Has Estee Lauder built such significant brand value that a retailer is doomed if it cannot stock Estee Lauder’s products on its shelves? This is the question Duty Free Americas asked a federal appeals court to once again consider after both the district court and the appeals court said “no.” The courts’ decisions confirm that manufacturers usually are free to choose with whom they will deal, and who may be cut off.

The Retailer’s Allegations

Duty Free Americas (DFA) operates stores in American and foreign airports, and Estee Lauder allegedly controlled half of the market for duty free stores’ cosmetic sales. DFA alleged that Estee Lauder stopped dealing with DFA and, instead, contracted with other duty-free, airport-focused retailers and helped those competitors win bids for airport retail space. DFA alleged that Estee Lauder abused its dominant position to extract higher, monopolistic prices from consumers and to harm competition by reducing DFA’s ability to compete.

The Appeals Court’s Ruling

The United States Court of Appeals for the 11th Circuit emphasized that “a unilateral refusal to deal is generally not unlawful.” The court went on to identify the one exception recognized by the Supreme Court: It may be anticompetitive when a company with a dominant market share (e.g., 75 percent of the market) appears to forego short-run profits by terminating an ongoing, profitable deal and, in doing so, raises consumer prices. The court further explained that a monopolization claim like DFA’s requires that the defendant harm competition in the relevant market – harm to a single competitor is not an antitrust violation.

The court held that DFA could not meet the requirements of the narrow exception to the rule that companies are generally free to choose whether or not to continue contracting with a retailer. The court also concluded that only DFA appeared to have been harmed (not competition as a whole), and that DFA had in fact terminated the contract with Estee Lauder and had refused to comply with Estee Lauder’s suggested pricing framework. The court also noted that Estee Lauder’s market share (roughly 50 percent of the cosmetics market) did not confer it with the power of a monopolist. The court concluded that “the complaint wholly fails to allege any truly anticompetitive conduct on Estee Lauder’s part.”
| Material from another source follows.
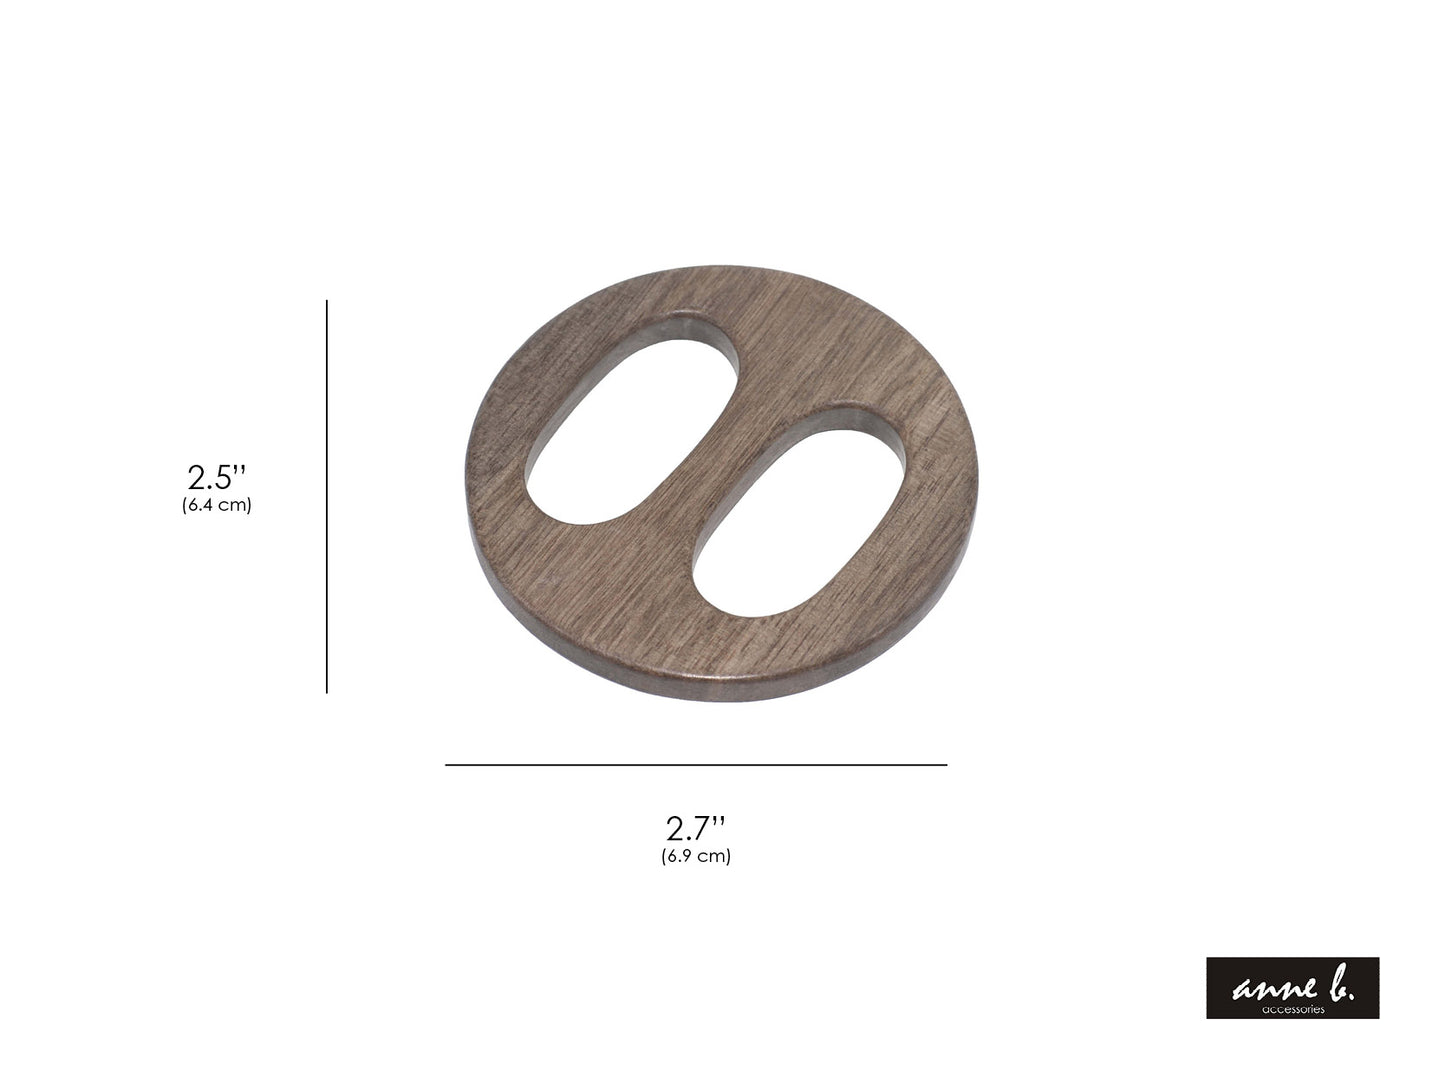 Grey Wood Scarf Ring - Round
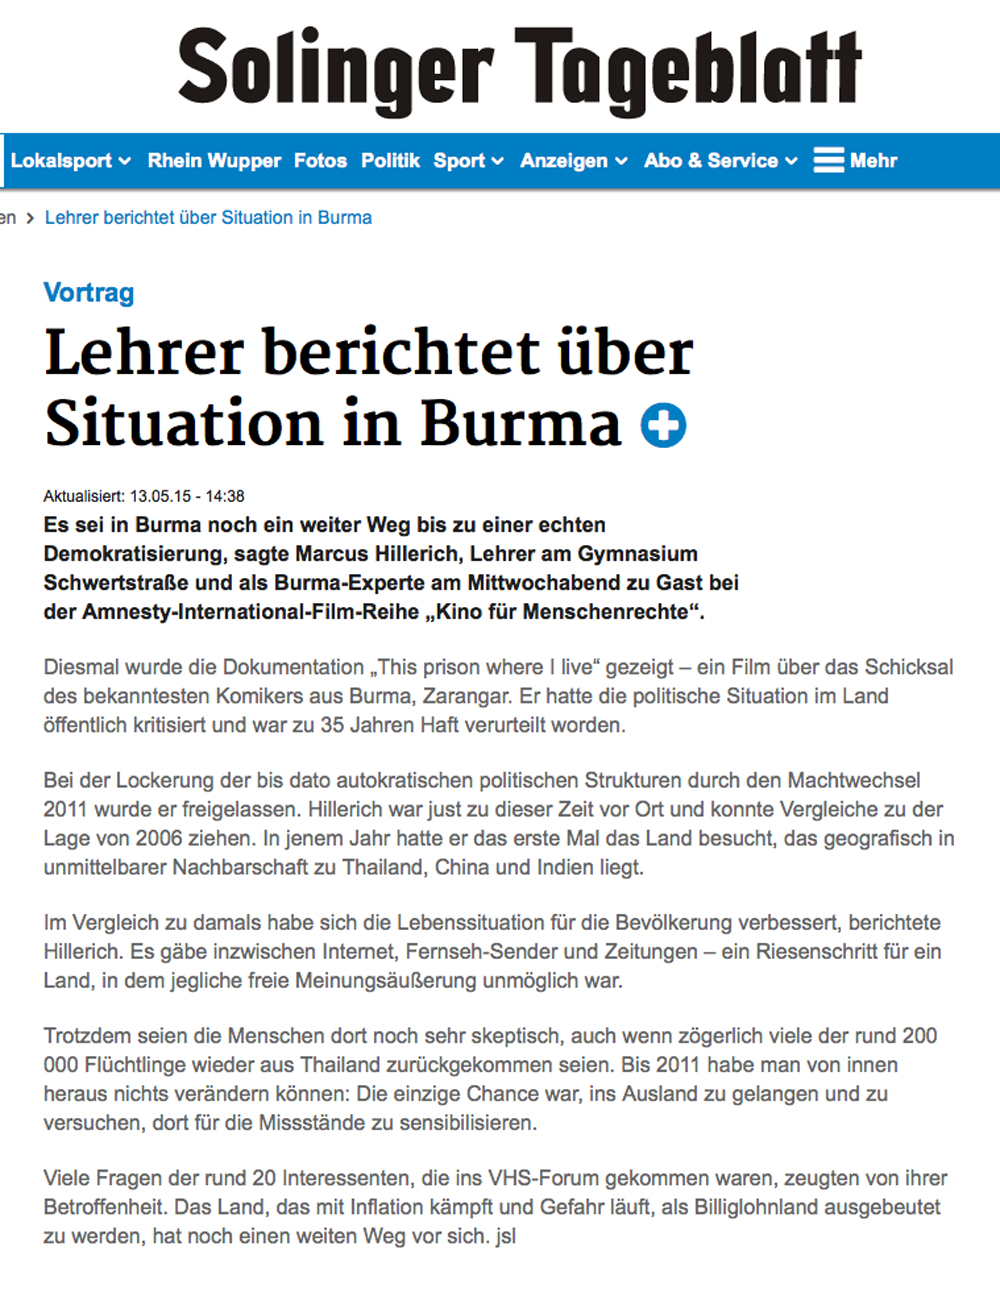 ST-Bericht über Burma

The court’s decision is available here. DFA has asked the 11th Circuit to reconsider its decision.

What this Case Means for Fashion Designers and Retailers

Successful companies are often concerned when faced with a decision whether to terminate a relationship with a buyer or retailer. But Estee Lauder’s experience in federal court once again confirms that refusals to deal usually are permissible. Cutting off a retailer could become problematic, however, if a company controls a significant majority of the relevant market, and is refusing to continue a profitable relationship, and does so to harm competition, and raises prices for consumers. This is a high bar and a rare case.